Data excerpt
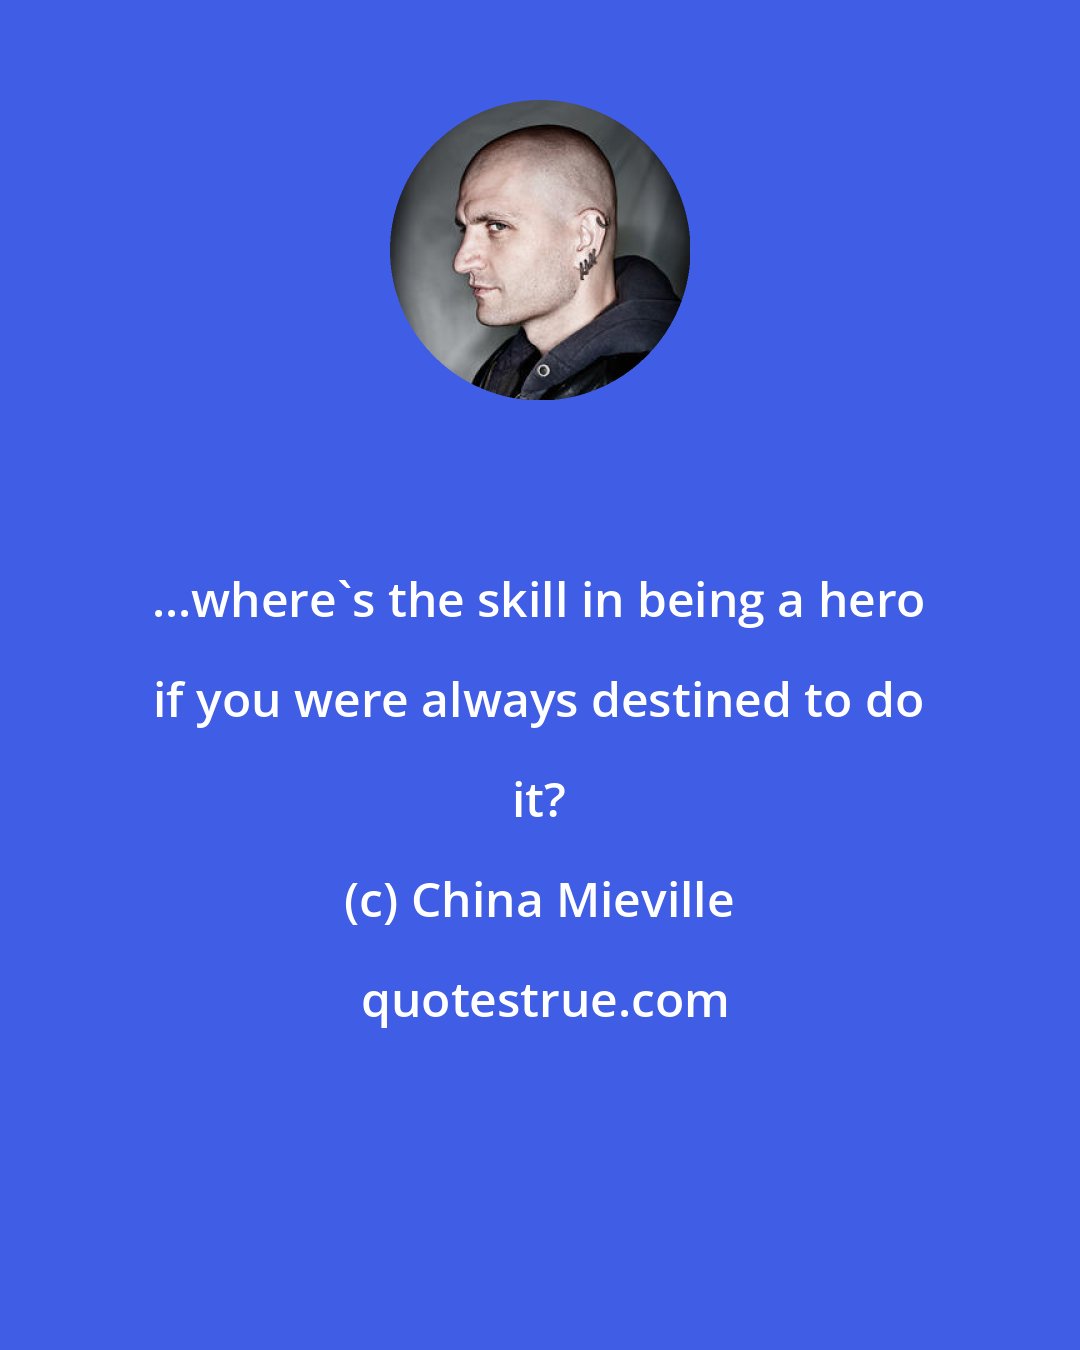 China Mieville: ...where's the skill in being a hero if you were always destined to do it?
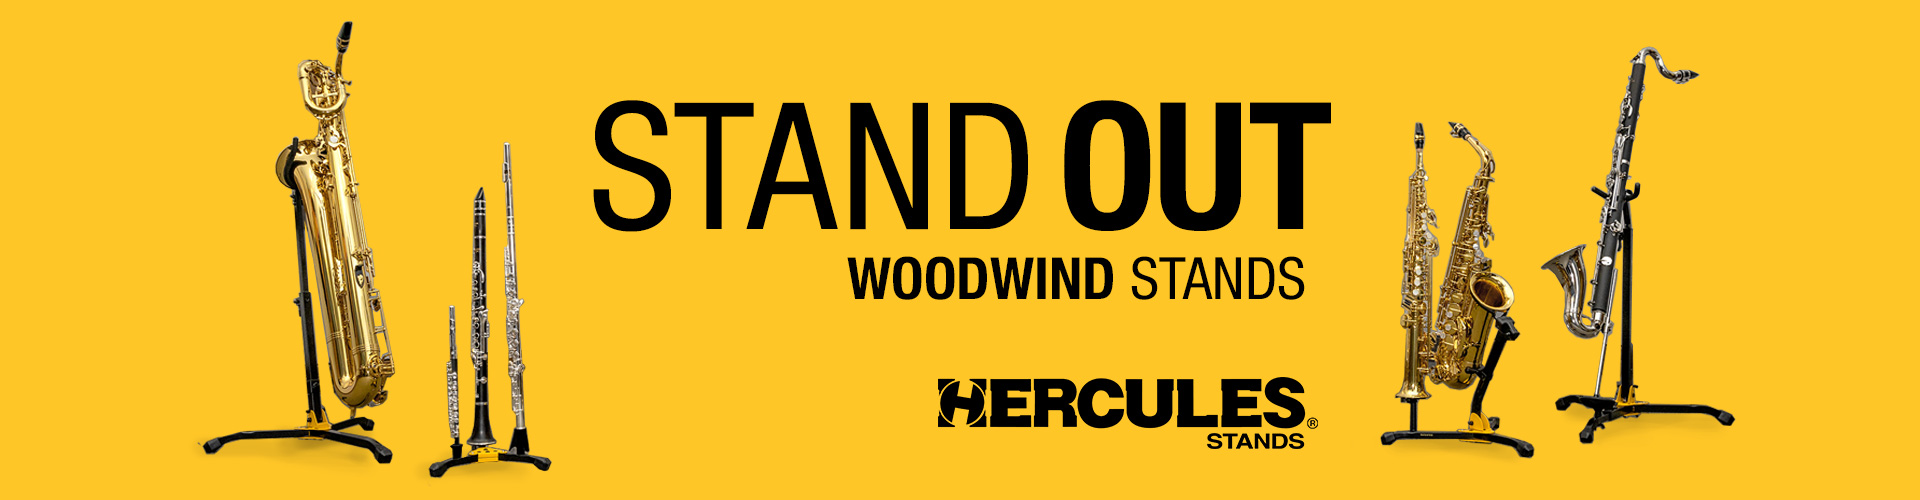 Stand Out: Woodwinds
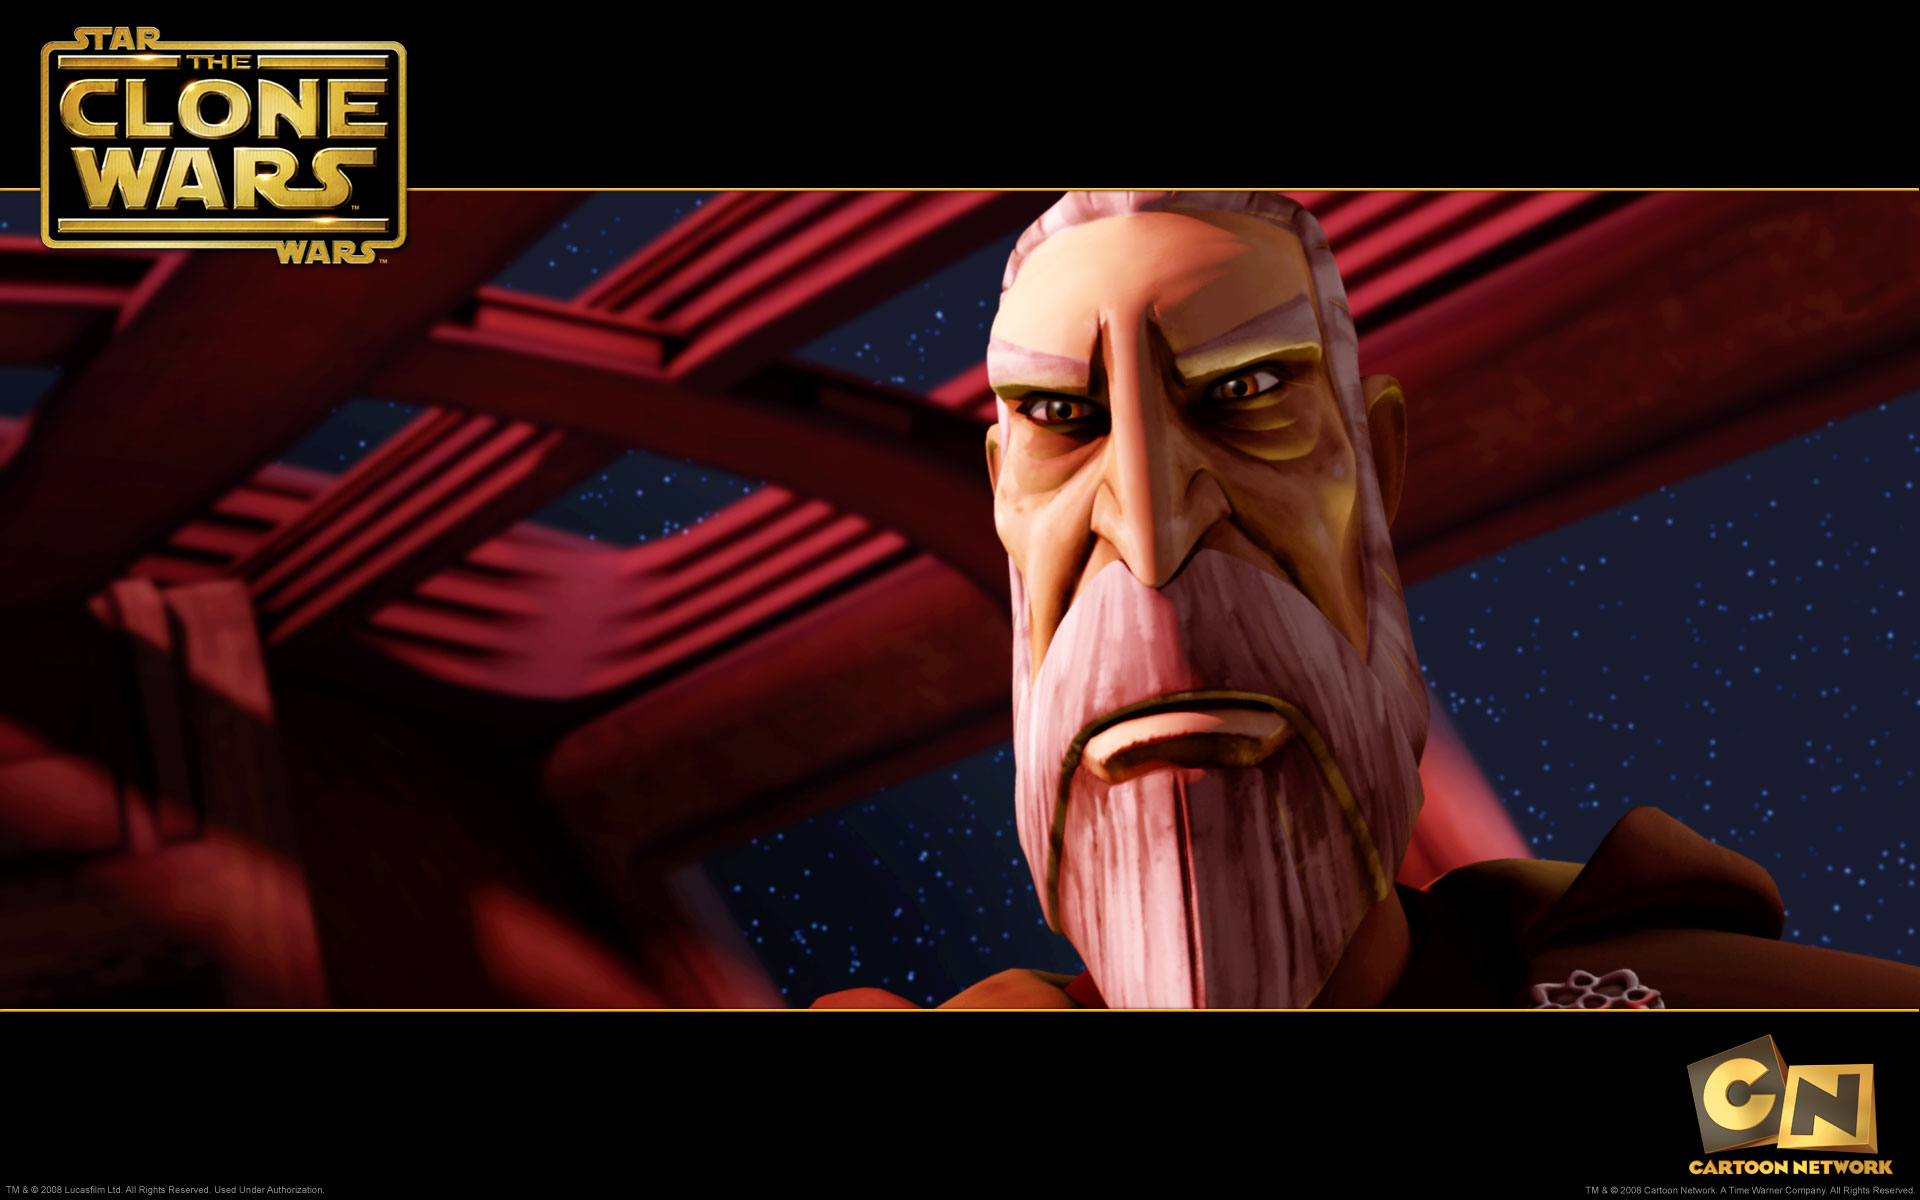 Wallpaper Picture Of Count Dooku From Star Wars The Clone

The task
Every line between the one containing "Stand Out: Woodwinds" and the end of the listing, both included, needs to be retyped exactly, minus the pictures.

Response area
 Stand Out: Woodwinds
 Wallpaper Picture Of Count Dooku From Star Wars The Clone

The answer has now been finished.